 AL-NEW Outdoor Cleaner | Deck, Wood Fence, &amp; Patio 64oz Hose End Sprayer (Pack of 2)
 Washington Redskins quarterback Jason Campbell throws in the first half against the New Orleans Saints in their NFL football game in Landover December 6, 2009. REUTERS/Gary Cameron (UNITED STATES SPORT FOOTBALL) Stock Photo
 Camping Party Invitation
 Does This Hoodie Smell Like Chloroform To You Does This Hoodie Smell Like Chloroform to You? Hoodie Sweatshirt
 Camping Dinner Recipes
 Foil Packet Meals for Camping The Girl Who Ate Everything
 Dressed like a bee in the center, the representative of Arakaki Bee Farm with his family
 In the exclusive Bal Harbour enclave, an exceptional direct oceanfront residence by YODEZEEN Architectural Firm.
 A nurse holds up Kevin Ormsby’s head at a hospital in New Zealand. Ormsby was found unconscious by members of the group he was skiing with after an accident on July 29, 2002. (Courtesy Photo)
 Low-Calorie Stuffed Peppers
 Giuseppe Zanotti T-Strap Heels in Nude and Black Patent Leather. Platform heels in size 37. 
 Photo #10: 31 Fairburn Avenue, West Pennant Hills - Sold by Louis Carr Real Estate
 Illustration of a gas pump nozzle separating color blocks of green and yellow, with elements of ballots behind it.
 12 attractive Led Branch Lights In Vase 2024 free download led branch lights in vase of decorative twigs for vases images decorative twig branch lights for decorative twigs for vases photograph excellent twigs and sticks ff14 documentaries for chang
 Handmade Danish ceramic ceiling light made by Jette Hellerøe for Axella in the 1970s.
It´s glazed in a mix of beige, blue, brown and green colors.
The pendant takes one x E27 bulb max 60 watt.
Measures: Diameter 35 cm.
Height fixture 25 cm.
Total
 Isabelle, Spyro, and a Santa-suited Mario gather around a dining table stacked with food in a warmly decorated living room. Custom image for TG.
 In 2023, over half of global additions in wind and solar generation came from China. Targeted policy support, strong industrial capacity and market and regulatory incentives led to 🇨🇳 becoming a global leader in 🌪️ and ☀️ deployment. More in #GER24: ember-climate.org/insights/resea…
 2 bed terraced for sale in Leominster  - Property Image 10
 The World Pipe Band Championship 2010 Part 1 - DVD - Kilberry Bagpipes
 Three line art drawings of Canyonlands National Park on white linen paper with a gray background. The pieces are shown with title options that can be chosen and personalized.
□ □ □ □
--- EXERCISE BRIEF ---
Copy down every line of the material above that includes the string "half".

--- ANSWER BELOW ---
 Washington Redskins quarterback Jason Campbell throws in the first half against the New Orleans Saints in their NFL football game in Landover December 6, 2009. REUTERS/Gary Cameron (UNITED STATES SPORT FOOTBALL) Stock Photo
 In 2023, over half of global additions in wind and solar generation came from China. Targeted policy support, strong industrial capacity and market and regulatory incentives led to 🇨🇳 becoming a global leader in 🌪️ and ☀️ deployment. More in #GER24: ember-climate.org/insights/resea…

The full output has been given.